I am writing a basic screen scraping script using Mechanize and BeautifulSoup (BS) in Python. However, the problem I am running into is that for some reason the requested page does not download correctly every time. I am concluding this because when searching the downloaded pages using BS for present tags, I get an error. If I download the page again, it works.
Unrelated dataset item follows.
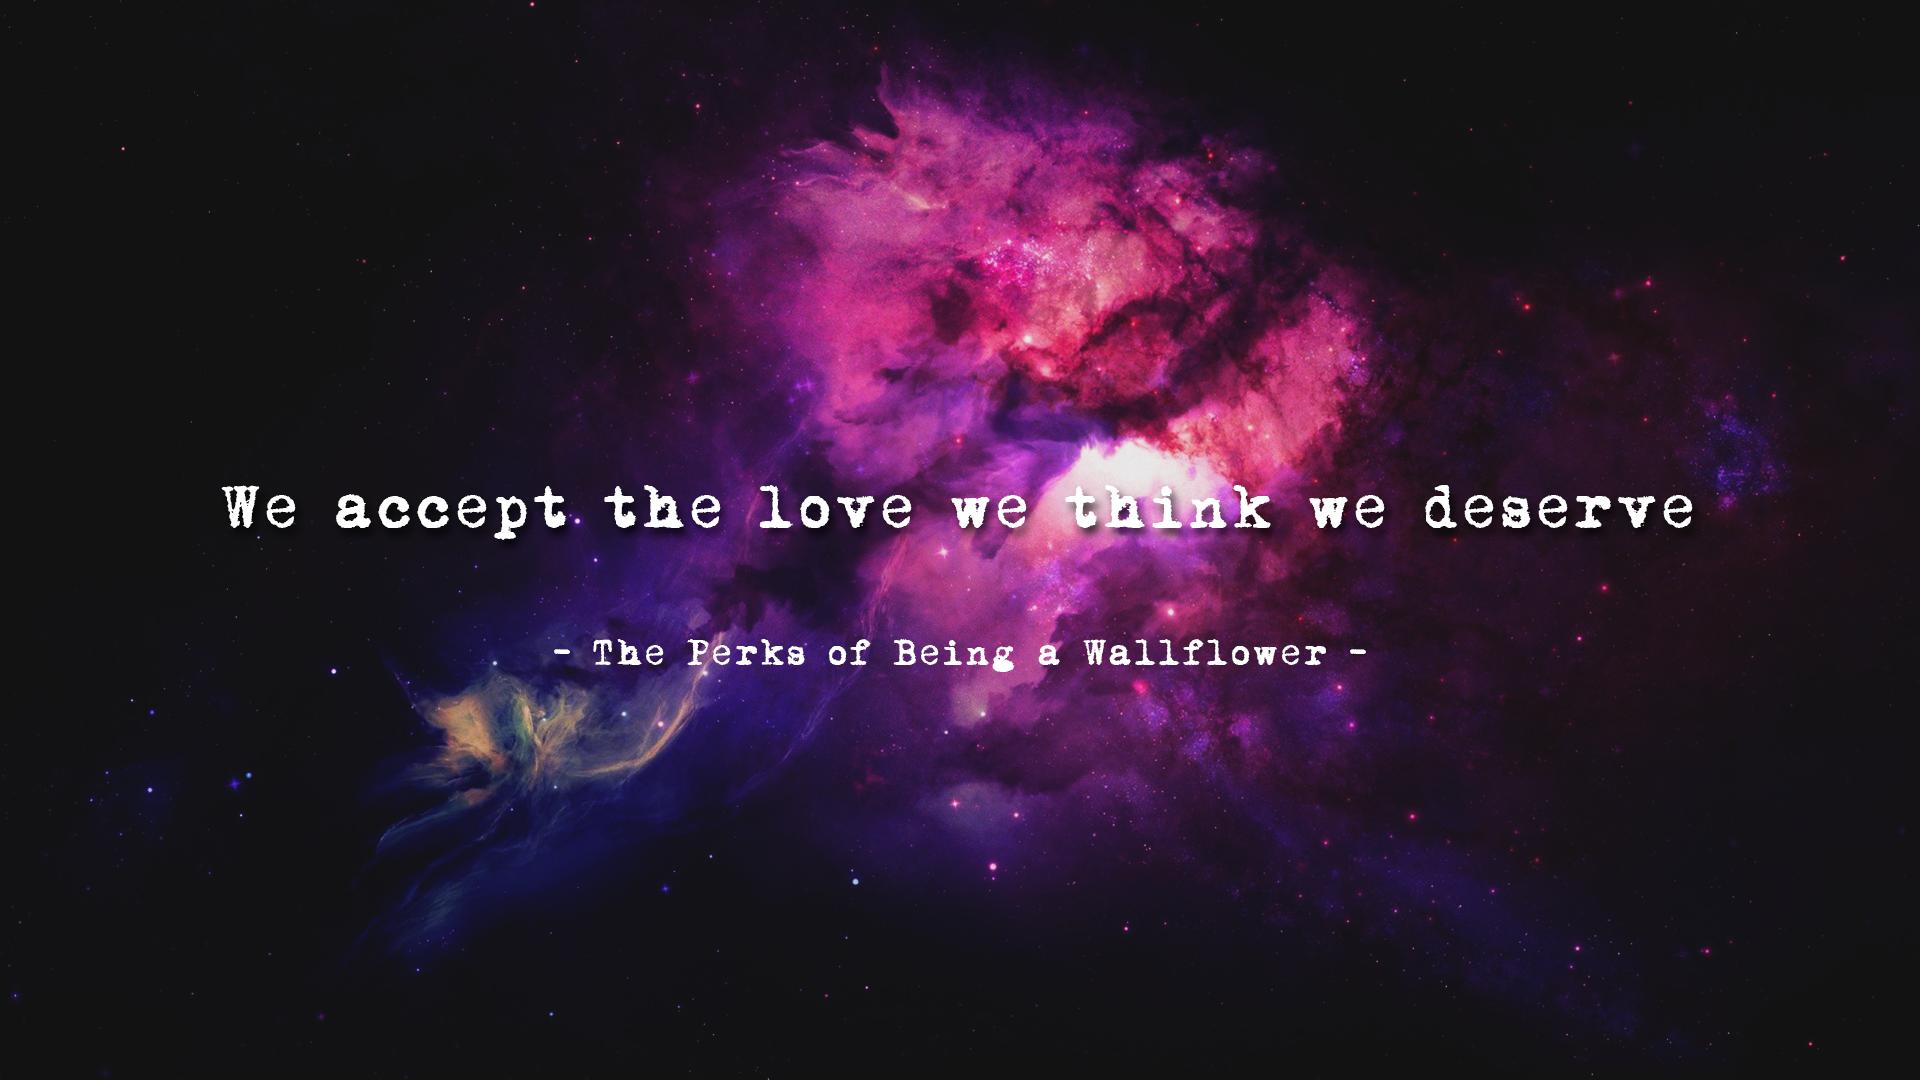 Wallpaper : quote, artwork, nebula, atmosphere, universe ...

Hence, I would like to write a small function that checks to see if the page has correctly downloaded and re-download if necessary (I could also solve it by figuring out what goes wrong, but that is probably too advanced for me). My question is how would I go about checking to see if the page has been downloaded correctly?

Neal Sidd
  • 39
  • 5
  • 2
    Show us the offending code part. Else any suggestion would be to general to be useful to you. – Don Question Jan 31 '12 at 13:57
  • "solve it by figuring out what goes wrong". Good idea. Dump the output from mechanize to see what went wrong. Perhaps that's a better question to ask. – S.Lott Jan 31 '12 at 15:16
  • I used Denis's suggestion to create a small function which checks every page that is downloaded, however that did not work so I dump the output as per S.Lott's suggestion and lo and behold, its a problem with BeautifulSoup... for some reason BS is randomly not finding the tags, even though they are in the document. Recreating the BS object doesn't work either, I have to re-download and then recreate and it works. I'll do some more testing and come back with another question. Thanks guys. – Neal Sidd Feb 01 '12 at 14:42

3 Answers3

0

You can just check for a tag you expect to be there, and if it fails, repeat the download.
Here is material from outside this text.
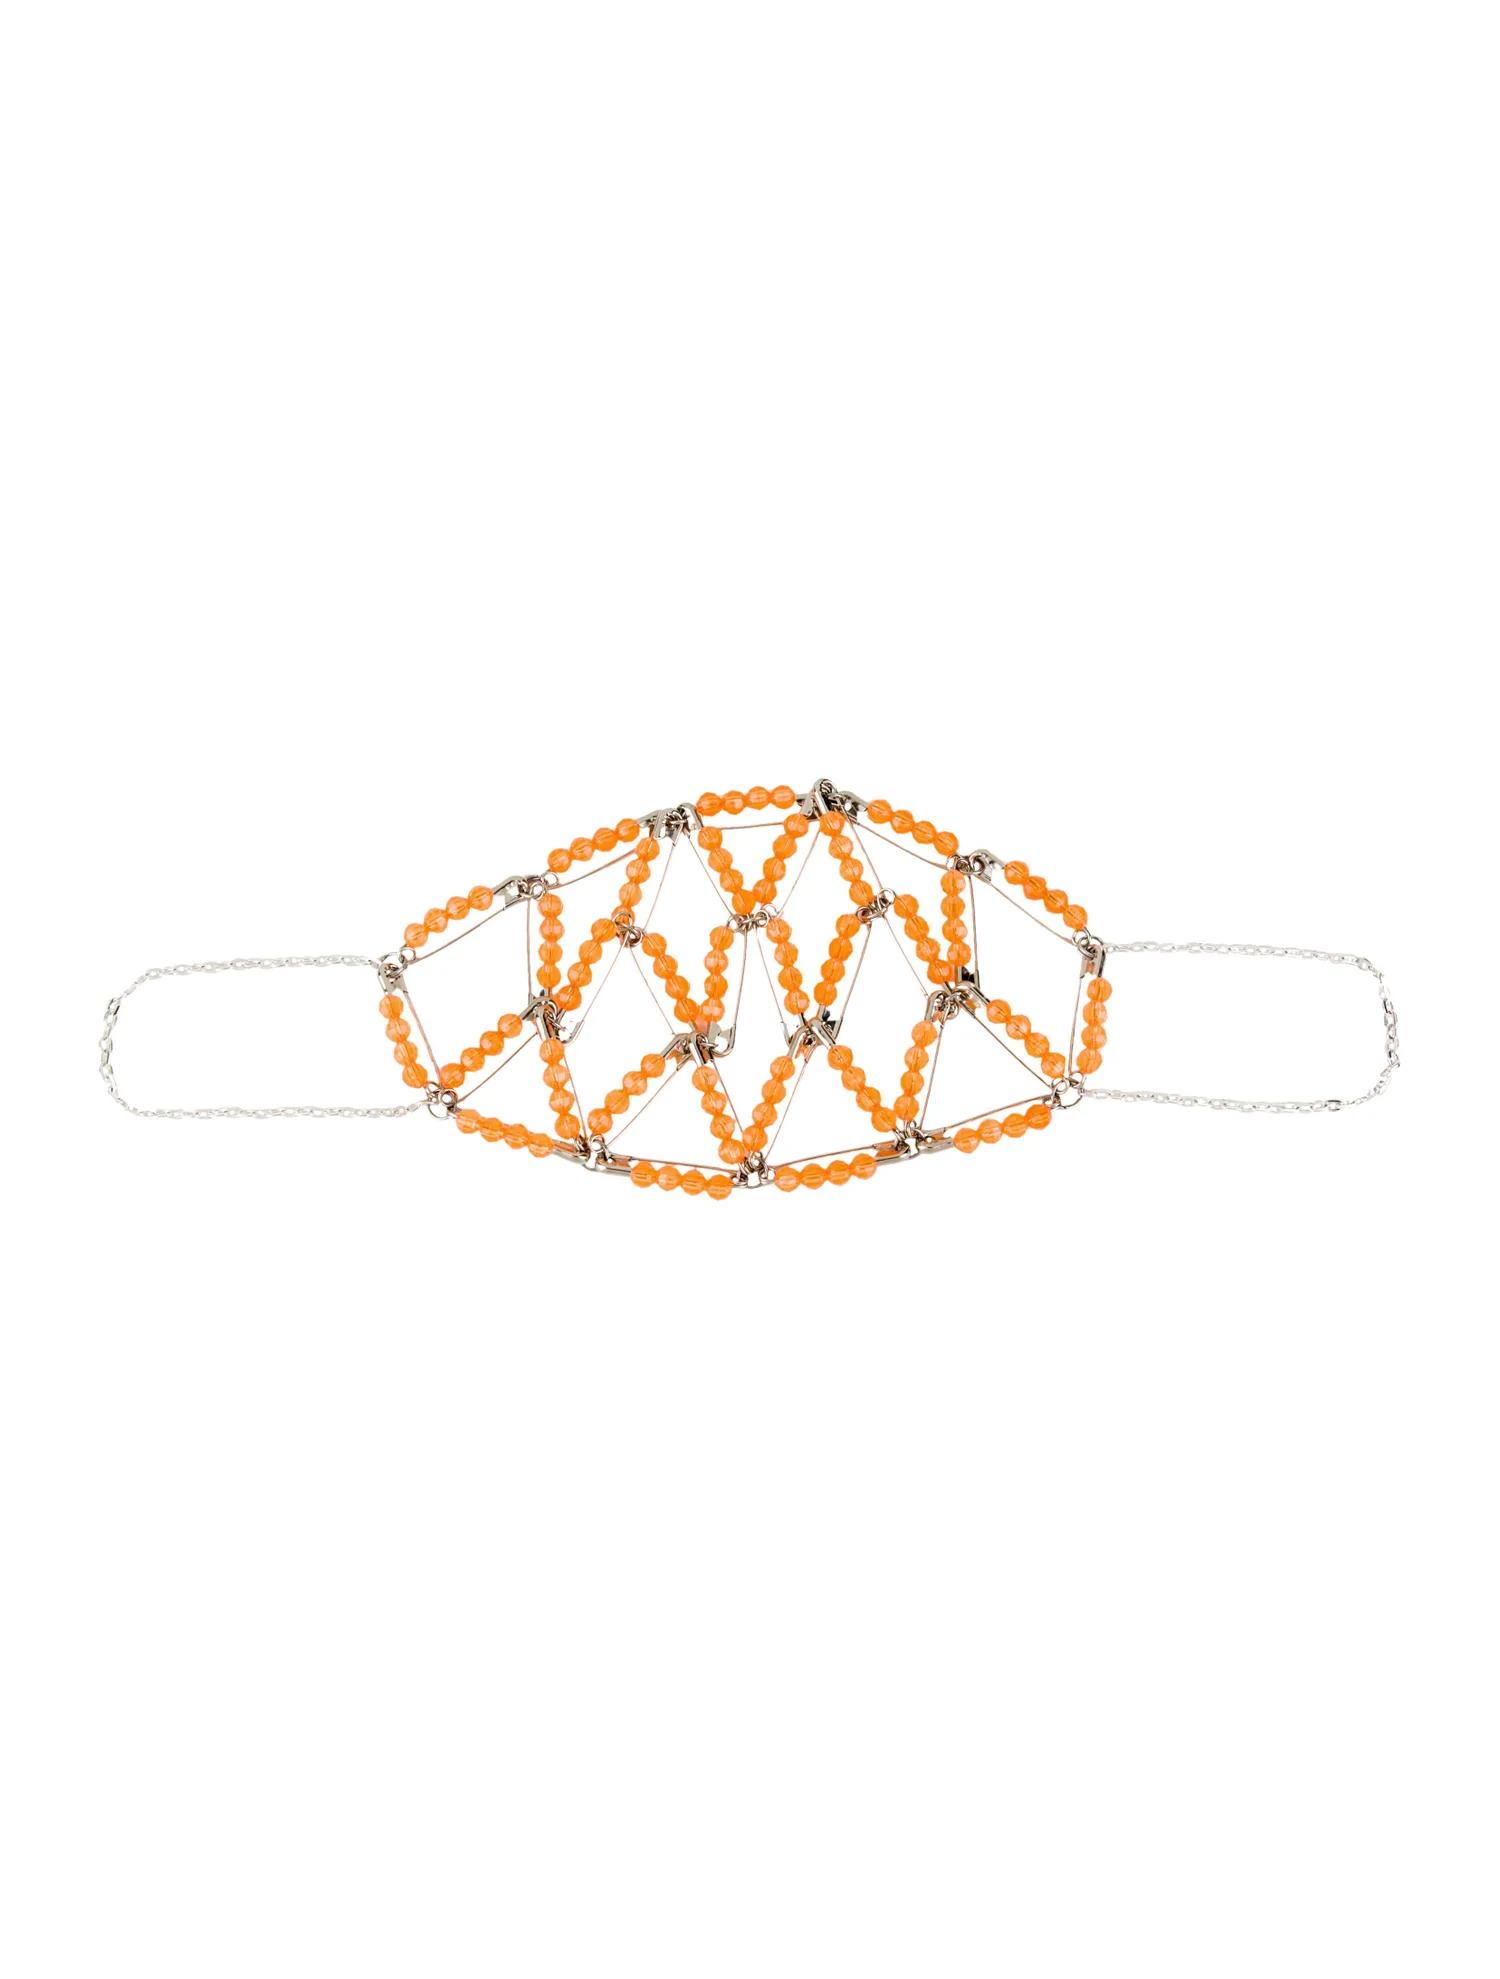 Tangerine Decorative Mask

page = BeautifulSoup(page)

while page.body = None:
    #redownload the page
    page = BeautifulSoup(page)
#now you can use the data
Rik Smith-Unna
  • 3,465
  • 2
  • 21
  • 21
0

I think you may simple search for html ending tag if this tag is in - this is a valid page.

Denis
  • 7,127
  • 8
  • 37
  • 58
0

The most generic solution is to check that the </html> closing tag exists. That will allow you to detect truncation of the page.

Anything else, and you will have to describe your failure mode more clearly.

Marcin
  • 48,559
  • 18
  • 128
  • 201